Introduction

Completed

This module covers how to scale applications in Azure Kubernetes Service (AKS). You learn when to scale workload replicas, when to scale AKS node pools, and how to use Azure Container Instances (ACI) for burst capacity. You also see where event-driven autoscaling and node auto-provisioning fit for scenarios beyond the core exercises.

Scenario

Imagine you're a platform engineer for a retail company that runs its checkout service on AKS. During weekday lunchtimes and seasonal promotions, traffic to the checkout service can grow tenfold within minutes, while traffic at night drops to a small fraction of peak. Today, your team responds to spikes by leaving extra VM-backed nodes running around the clock, which inflates the cluster bill. During larger promotions, pods still spend several minutes in Pending while new VM-backed nodes provision, which puts checkout SLAs at risk.

Your goal is to use AKS scaling features so the cluster matches demand at each layer: the right number of pod replicas for the current load, the right number of nodes to host those replicas, and a fast path for short-lived bursts that can't wait for new VM-backed nodes.
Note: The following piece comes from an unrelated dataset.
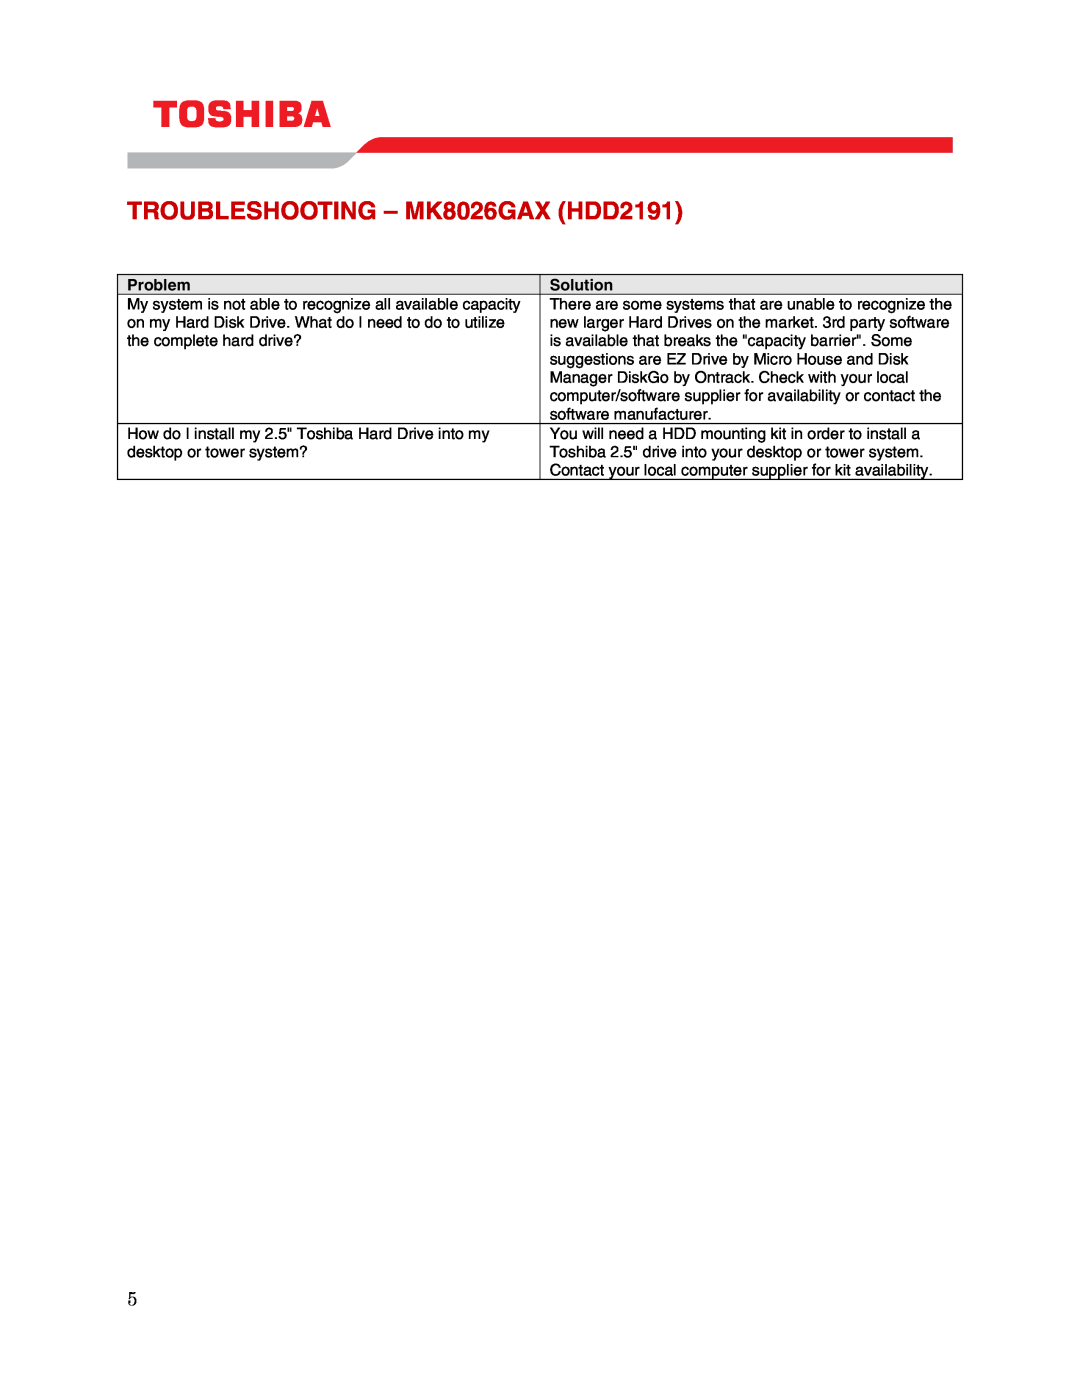 Toshiba user manual TROUBLESHOOTING - MK8026GAX HDD2191, Problem, Solution

This module helps you compare the available AKS scaling options and choose the right one for each scenario.

Learning objectives

After completing this module, you'll be able to:

  • Manually scale workload replicas and AKS node pools
  • Use the horizontal pod autoscaler (HPA) to scale workload replicas
  • Use the cluster autoscaler to scale AKS node pools
  • Use virtual nodes to run burst workloads in Azure Container Instances (ACI)